Goal of the exercise | Reproduce the listing below without any change.

--- START ---

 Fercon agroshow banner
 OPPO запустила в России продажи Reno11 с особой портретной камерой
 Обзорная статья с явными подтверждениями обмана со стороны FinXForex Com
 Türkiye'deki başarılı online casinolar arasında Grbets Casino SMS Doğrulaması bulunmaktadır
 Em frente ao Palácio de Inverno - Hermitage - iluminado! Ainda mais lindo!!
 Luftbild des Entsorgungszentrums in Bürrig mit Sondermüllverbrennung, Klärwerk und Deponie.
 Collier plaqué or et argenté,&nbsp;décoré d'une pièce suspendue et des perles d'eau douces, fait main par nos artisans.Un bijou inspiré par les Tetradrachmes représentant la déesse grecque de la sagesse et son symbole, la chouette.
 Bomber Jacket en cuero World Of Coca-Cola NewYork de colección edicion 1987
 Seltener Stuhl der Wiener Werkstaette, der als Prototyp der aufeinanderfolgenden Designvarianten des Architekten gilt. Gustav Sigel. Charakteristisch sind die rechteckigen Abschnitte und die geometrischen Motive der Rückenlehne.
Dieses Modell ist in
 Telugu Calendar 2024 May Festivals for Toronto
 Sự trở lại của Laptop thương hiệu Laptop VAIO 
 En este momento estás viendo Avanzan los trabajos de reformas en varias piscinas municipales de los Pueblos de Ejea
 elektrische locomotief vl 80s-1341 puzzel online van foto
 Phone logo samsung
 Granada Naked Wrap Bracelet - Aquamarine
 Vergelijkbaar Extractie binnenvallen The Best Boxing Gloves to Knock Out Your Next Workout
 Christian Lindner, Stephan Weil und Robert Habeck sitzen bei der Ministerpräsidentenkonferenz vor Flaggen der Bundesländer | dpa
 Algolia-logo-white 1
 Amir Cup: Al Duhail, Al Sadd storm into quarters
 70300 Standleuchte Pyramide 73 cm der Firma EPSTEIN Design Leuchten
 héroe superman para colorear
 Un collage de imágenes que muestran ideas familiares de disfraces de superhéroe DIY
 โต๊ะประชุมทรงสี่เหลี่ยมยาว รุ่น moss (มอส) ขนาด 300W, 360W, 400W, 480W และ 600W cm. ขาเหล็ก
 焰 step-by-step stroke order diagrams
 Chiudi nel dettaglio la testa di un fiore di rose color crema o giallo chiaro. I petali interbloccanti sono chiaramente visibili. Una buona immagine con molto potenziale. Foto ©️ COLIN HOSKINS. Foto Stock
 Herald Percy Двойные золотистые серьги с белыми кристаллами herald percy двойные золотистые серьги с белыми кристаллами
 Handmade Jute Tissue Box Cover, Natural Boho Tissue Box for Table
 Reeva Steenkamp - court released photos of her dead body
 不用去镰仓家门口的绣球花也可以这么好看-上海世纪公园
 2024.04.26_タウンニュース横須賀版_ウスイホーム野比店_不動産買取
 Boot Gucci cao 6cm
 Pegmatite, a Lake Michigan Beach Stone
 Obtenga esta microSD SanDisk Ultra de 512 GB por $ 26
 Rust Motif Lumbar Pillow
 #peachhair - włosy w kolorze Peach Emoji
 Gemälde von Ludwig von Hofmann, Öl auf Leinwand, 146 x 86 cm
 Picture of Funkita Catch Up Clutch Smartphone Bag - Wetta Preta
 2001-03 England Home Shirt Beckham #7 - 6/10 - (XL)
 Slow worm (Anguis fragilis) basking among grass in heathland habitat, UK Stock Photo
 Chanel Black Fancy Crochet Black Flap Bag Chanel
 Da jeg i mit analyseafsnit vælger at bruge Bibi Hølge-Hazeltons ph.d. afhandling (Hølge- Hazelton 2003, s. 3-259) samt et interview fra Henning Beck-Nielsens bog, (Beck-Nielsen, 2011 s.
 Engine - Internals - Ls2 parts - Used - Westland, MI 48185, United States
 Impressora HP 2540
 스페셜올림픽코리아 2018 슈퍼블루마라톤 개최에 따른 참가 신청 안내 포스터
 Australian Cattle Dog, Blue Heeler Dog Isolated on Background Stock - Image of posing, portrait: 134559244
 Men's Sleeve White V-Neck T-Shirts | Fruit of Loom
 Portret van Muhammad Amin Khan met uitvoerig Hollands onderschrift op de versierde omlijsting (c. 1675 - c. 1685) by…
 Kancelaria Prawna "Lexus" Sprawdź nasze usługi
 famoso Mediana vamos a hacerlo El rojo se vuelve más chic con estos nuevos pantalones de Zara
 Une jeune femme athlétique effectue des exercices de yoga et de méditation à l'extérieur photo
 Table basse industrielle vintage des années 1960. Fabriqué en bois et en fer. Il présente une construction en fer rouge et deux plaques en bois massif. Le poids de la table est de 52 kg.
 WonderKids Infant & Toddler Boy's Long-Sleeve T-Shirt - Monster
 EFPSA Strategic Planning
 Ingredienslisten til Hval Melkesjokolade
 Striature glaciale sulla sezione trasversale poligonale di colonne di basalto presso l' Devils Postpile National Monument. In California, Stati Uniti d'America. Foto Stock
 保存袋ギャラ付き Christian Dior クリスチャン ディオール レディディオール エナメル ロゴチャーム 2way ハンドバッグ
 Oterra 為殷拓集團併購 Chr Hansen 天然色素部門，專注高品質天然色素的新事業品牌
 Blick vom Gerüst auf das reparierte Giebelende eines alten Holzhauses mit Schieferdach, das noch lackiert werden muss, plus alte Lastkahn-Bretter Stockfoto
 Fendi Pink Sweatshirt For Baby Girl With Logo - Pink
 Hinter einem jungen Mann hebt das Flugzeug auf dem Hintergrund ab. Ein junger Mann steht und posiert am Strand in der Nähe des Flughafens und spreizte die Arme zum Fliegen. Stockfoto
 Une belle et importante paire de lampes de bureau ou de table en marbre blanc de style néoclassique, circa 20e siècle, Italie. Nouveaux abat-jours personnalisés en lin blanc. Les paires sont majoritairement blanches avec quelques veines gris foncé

--- END ---

Answer below |
 Fercon agroshow banner
 OPPO запустила в России продажи Reno11 с особой портретной камерой
 Обзорная статья с явными подтверждениями обмана со стороны FinXForex Com
 Türkiye'deki başarılı online casinolar arasında Grbets Casino SMS Doğrulaması bulunmaktadır
 Em frente ao Palácio de Inverno - Hermitage - iluminado! Ainda mais lindo!!
 Luftbild des Entsorgungszentrums in Bürrig mit Sondermüllverbrennung, Klärwerk und Deponie.
 Collier plaqué or et argenté,&nbsp;décoré d'une pièce suspendue et des perles d'eau douces, fait main par nos artisans.Un bijou inspiré par les Tetradrachmes représentant la déesse grecque de la sagesse et son symbole, la chouette.
 Bomber Jacket en cuero World Of Coca-Cola NewYork de colección edicion 1987
 Seltener Stuhl der Wiener Werkstaette, der als Prototyp der aufeinanderfolgenden Designvarianten des Architekten gilt. Gustav Sigel. Charakteristisch sind die rechteckigen Abschnitte und die geometrischen Motive der Rückenlehne.
Dieses Modell ist in
 Telugu Calendar 2024 May Festivals for Toronto
 Sự trở lại của Laptop thương hiệu Laptop VAIO 
 En este momento estás viendo Avanzan los trabajos de reformas en varias piscinas municipales de los Pueblos de Ejea
 elektrische locomotief vl 80s-1341 puzzel online van foto
 Phone logo samsung
 Granada Naked Wrap Bracelet - Aquamarine
 Vergelijkbaar Extractie binnenvallen The Best Boxing Gloves to Knock Out Your Next Workout
 Christian Lindner, Stephan Weil und Robert Habeck sitzen bei der Ministerpräsidentenkonferenz vor Flaggen der Bundesländer | dpa
 Algolia-logo-white 1
 Amir Cup: Al Duhail, Al Sadd storm into quarters
 70300 Standleuchte Pyramide 73 cm der Firma EPSTEIN Design Leuchten
 héroe superman para colorear
 Un collage de imágenes que muestran ideas familiares de disfraces de superhéroe DIY
 โต๊ะประชุมทรงสี่เหลี่ยมยาว รุ่น moss (มอส) ขนาด 300W, 360W, 400W, 480W และ 600W cm. ขาเหล็ก
 焰 step-by-step stroke order diagrams
 Chiudi nel dettaglio la testa di un fiore di rose color crema o giallo chiaro. I petali interbloccanti sono chiaramente visibili. Una buona immagine con molto potenziale. Foto ©️ COLIN HOSKINS. Foto Stock
 Herald Percy Двойные золотистые серьги с белыми кристаллами herald percy двойные золотистые серьги с белыми кристаллами
 Handmade Jute Tissue Box Cover, Natural Boho Tissue Box for Table
 Reeva Steenkamp - court released photos of her dead body
 不用去镰仓家门口的绣球花也可以这么好看-上海世纪公园
 2024.04.26_タウンニュース横須賀版_ウスイホーム野比店_不動産買取
 Boot Gucci cao 6cm
 Pegmatite, a Lake Michigan Beach Stone
 Obtenga esta microSD SanDisk Ultra de 512 GB por $ 26
 Rust Motif Lumbar Pillow
 #peachhair - włosy w kolorze Peach Emoji
 Gemälde von Ludwig von Hofmann, Öl auf Leinwand, 146 x 86 cm
 Picture of Funkita Catch Up Clutch Smartphone Bag - Wetta Preta
 2001-03 England Home Shirt Beckham #7 - 6/10 - (XL)
 Slow worm (Anguis fragilis) basking among grass in heathland habitat, UK Stock Photo
 Chanel Black Fancy Crochet Black Flap Bag Chanel
 Da jeg i mit analyseafsnit vælger at bruge Bibi Hølge-Hazeltons ph.d. afhandling (Hølge- Hazelton 2003, s. 3-259) samt et interview fra Henning Beck-Nielsens bog, (Beck-Nielsen, 2011 s.
 Engine - Internals - Ls2 parts - Used - Westland, MI 48185, United States
 Impressora HP 2540
 스페셜올림픽코리아 2018 슈퍼블루마라톤 개최에 따른 참가 신청 안내 포스터
 Australian Cattle Dog, Blue Heeler Dog Isolated on Background Stock - Image of posing, portrait: 134559244
 Men's Sleeve White V-Neck T-Shirts | Fruit of Loom
 Portret van Muhammad Amin Khan met uitvoerig Hollands onderschrift op de versierde omlijsting (c. 1675 - c. 1685) by…
 Kancelaria Prawna "Lexus" Sprawdź nasze usługi
 famoso Mediana vamos a hacerlo El rojo se vuelve más chic con estos nuevos pantalones de Zara
 Une jeune femme athlétique effectue des exercices de yoga et de méditation à l'extérieur photo
 Table basse industrielle vintage des années 1960. Fabriqué en bois et en fer. Il présente une construction en fer rouge et deux plaques en bois massif. Le poids de la table est de 52 kg.
 WonderKids Infant & Toddler Boy's Long-Sleeve T-Shirt - Monster
 EFPSA Strategic Planning
 Ingredienslisten til Hval Melkesjokolade
 Striature glaciale sulla sezione trasversale poligonale di colonne di basalto presso l' Devils Postpile National Monument. In California, Stati Uniti d'America. Foto Stock
 保存袋ギャラ付き Christian Dior クリスチャン ディオール レディディオール エナメル ロゴチャーム 2way ハンドバッグ
 Oterra 為殷拓集團併購 Chr Hansen 天然色素部門，專注高品質天然色素的新事業品牌
 Blick vom Gerüst auf das reparierte Giebelende eines alten Holzhauses mit Schieferdach, das noch lackiert werden muss, plus alte Lastkahn-Bretter Stockfoto
 Fendi Pink Sweatshirt For Baby Girl With Logo - Pink
 Hinter einem jungen Mann hebt das Flugzeug auf dem Hintergrund ab. Ein junger Mann steht und posiert am Strand in der Nähe des Flughafens und spreizte die Arme zum Fliegen. Stockfoto
 Une belle et importante paire de lampes de bureau ou de table en marbre blanc de style néoclassique, circa 20e siècle, Italie. Nouveaux abat-jours personnalisés en lin blanc. Les paires sont majoritairement blanches avec quelques veines gris foncé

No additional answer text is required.